I can't believe the computer starts at all if everything I see there is trying to load.

Go to the Startup Menu > Programs > Startup folder and delete EVERYTHING there. They are all the

04 startup:

entries you see in the Scanlog. Then reboot and post another Scanlog.

Strangely, none of them seem to be showing as "Running Processes", so conceivably this is some anomally produced by the Scanlog.

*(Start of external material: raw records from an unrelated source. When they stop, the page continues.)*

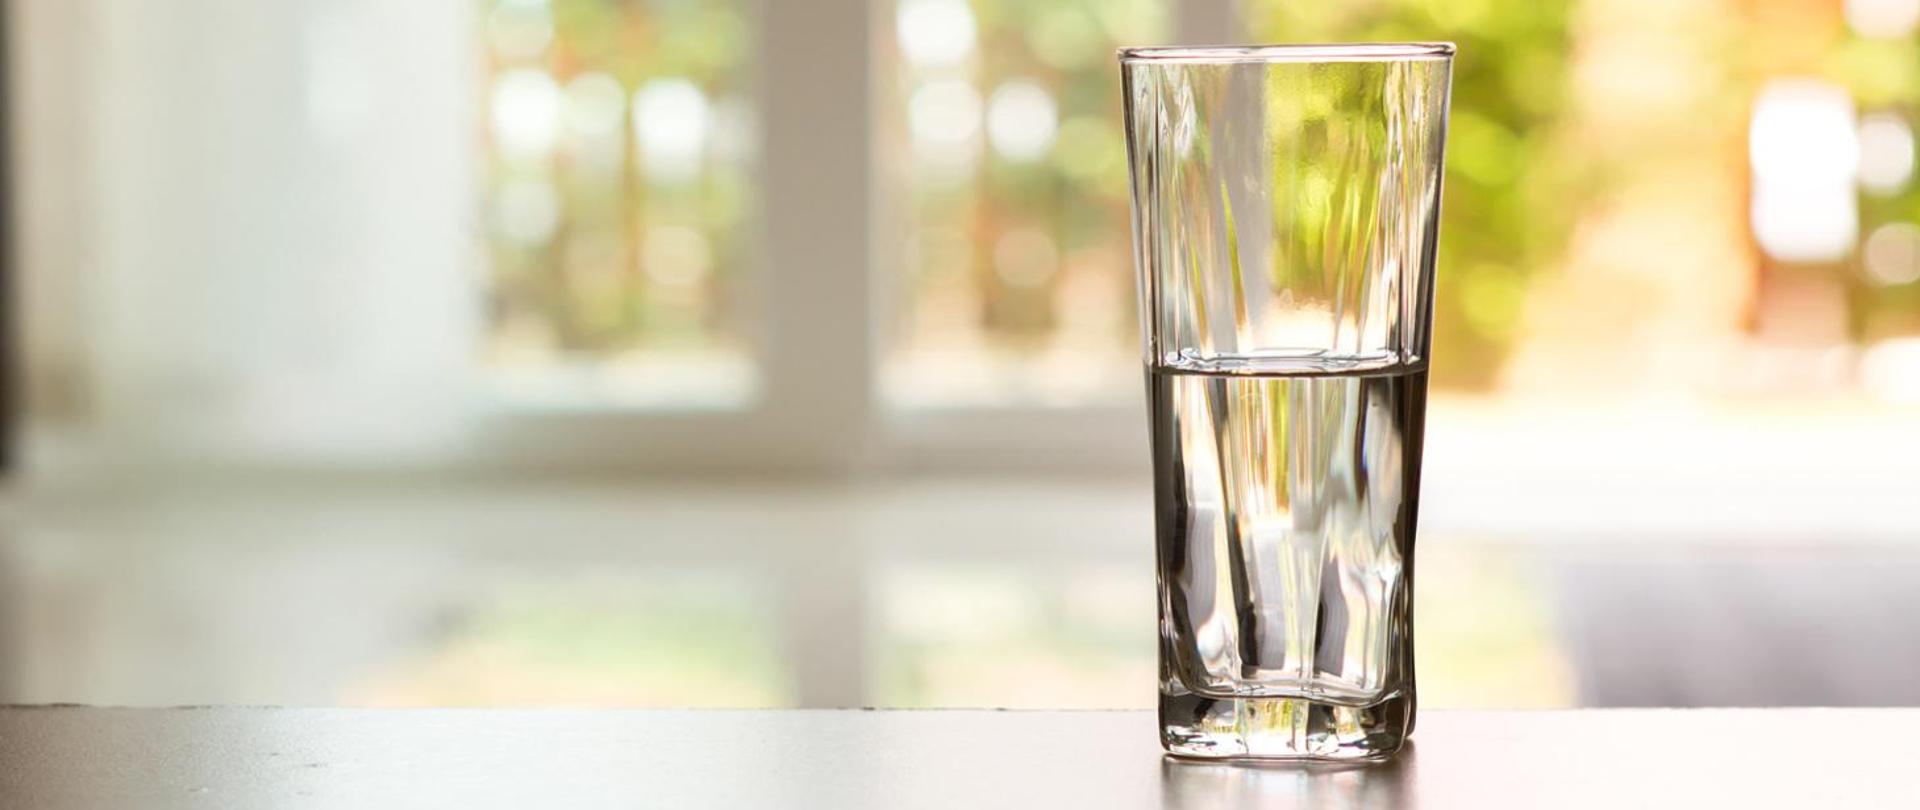 Na blacie stoi przezroczysta szklanka do połowy napełniona wodą
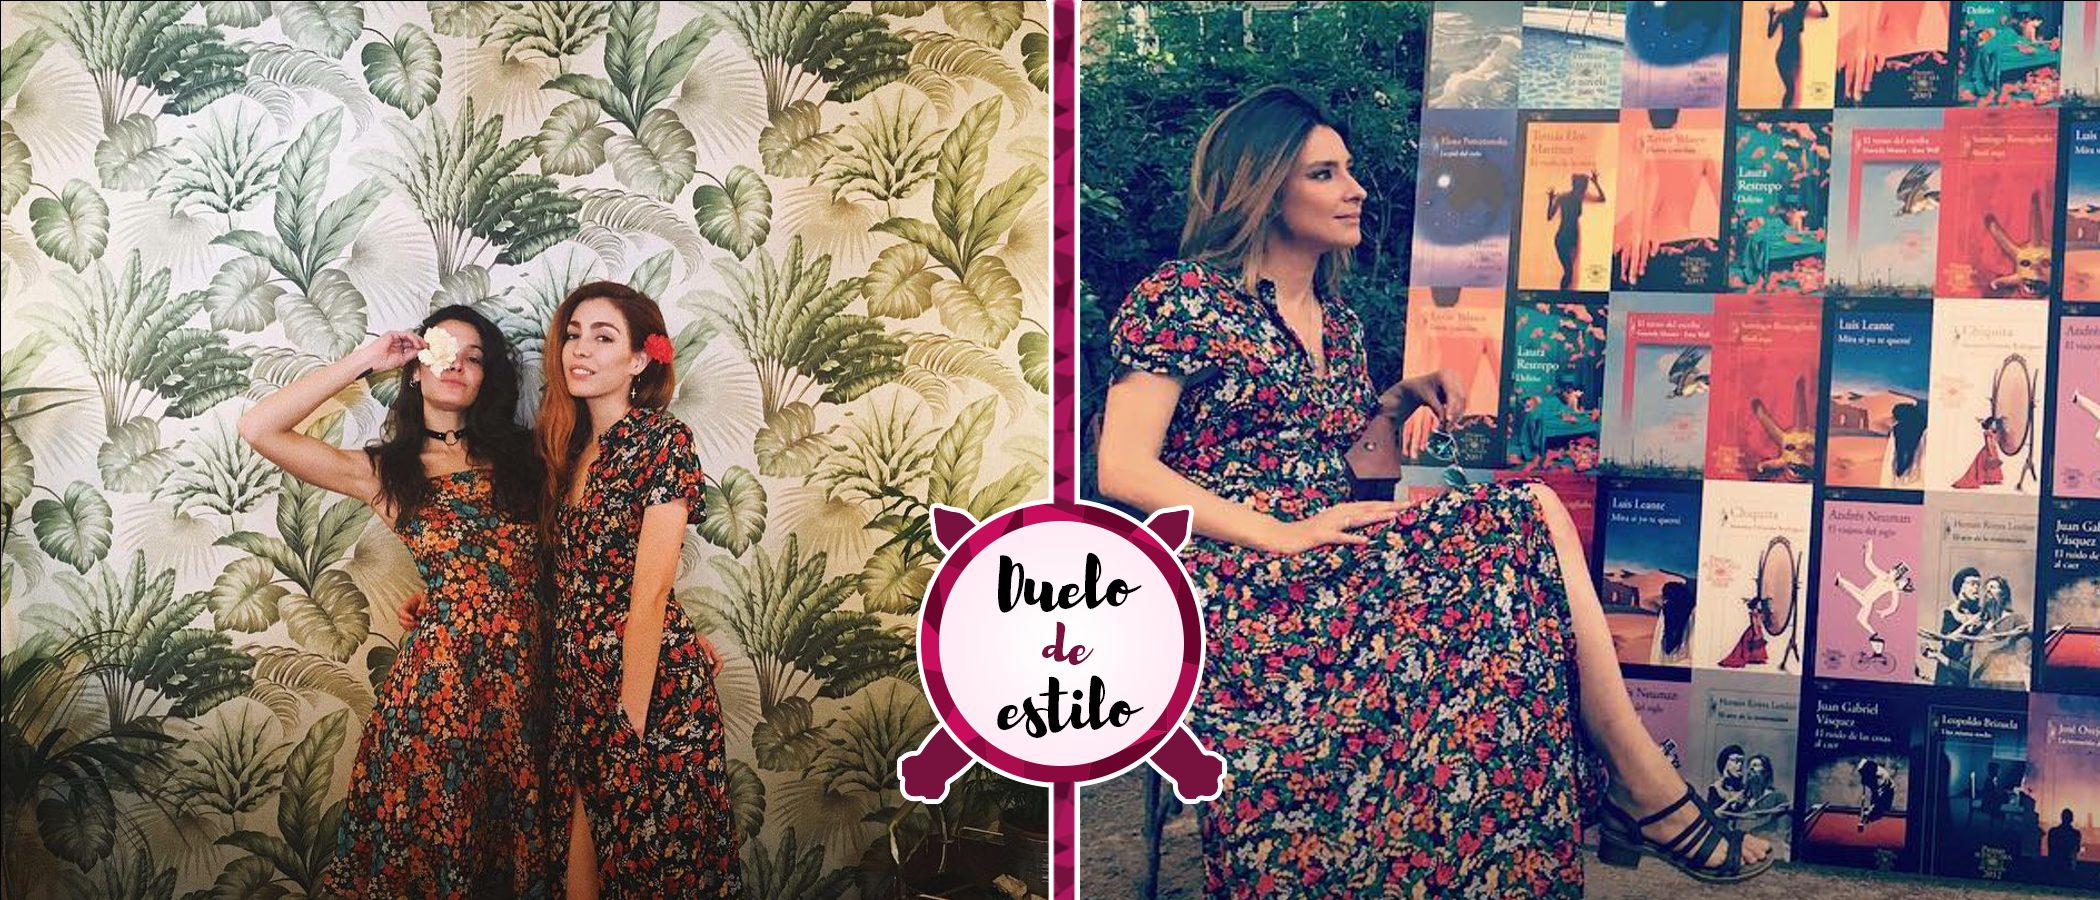 El vestido primaveral de Zara preferido de las celebs se convierte en viral: ¿A quién le sienta mejor?
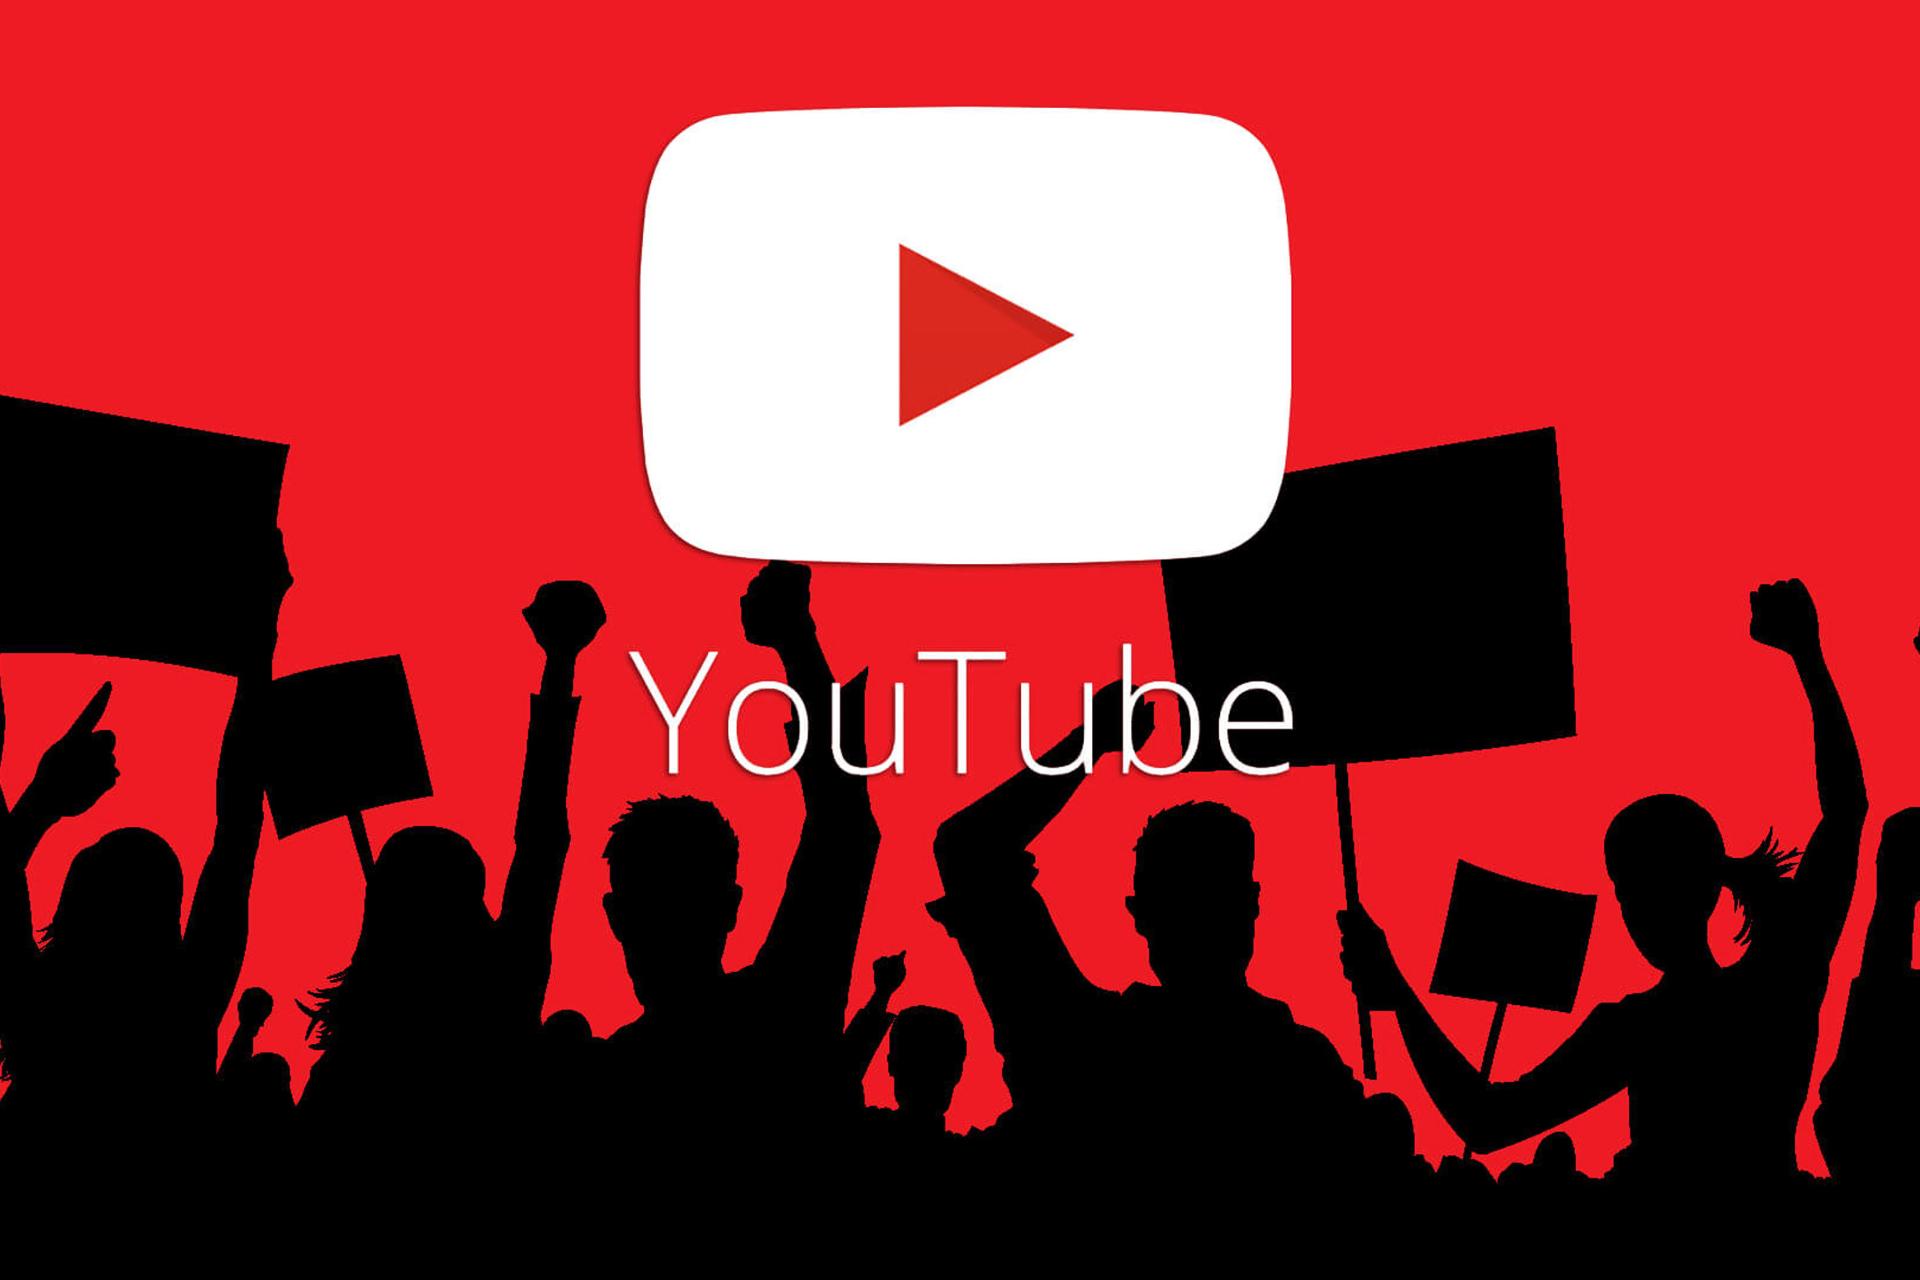 لوگو سفید یوتیوب / YouTube در پس زمینه قرمز مردم به رنگ مشکی

Also, what is this? O4 - HKLM\..\Run: [myLinker] C:\PROGRA~1\MYLINKER\MYLINKER.EXE /B

I would also check and "fix" ALL the 016 entries except those from legitimate, trusted sites you recognize, such as Macromedia, microsoft, banking and others.


----------



## yeonseop (Apr 14, 2004)

Thanks Rollin' Rog.

1) I checked the Startup folder but it does not have such files. Actually, all files in the "04 startup:" are located under the "C:\windows" directory.
2) "MYLINKER.EXE" is a file supplied by a newspaper website. I think it is credible, but am going to remove it.
3) I looked over the "C:\windows" directory, and found some suspicious files such as "securea.html", "secureb.html", "dl.html", and "dl.exe". All these files were deleted in the safe mode. In the case of usual web browsing, IE works well. However at some websites, it generates an error message. Especially when I tried to post a message to a certain bulletin board, it generates an error message. After that "outlook express" also gives an error message if I press "deliver" button.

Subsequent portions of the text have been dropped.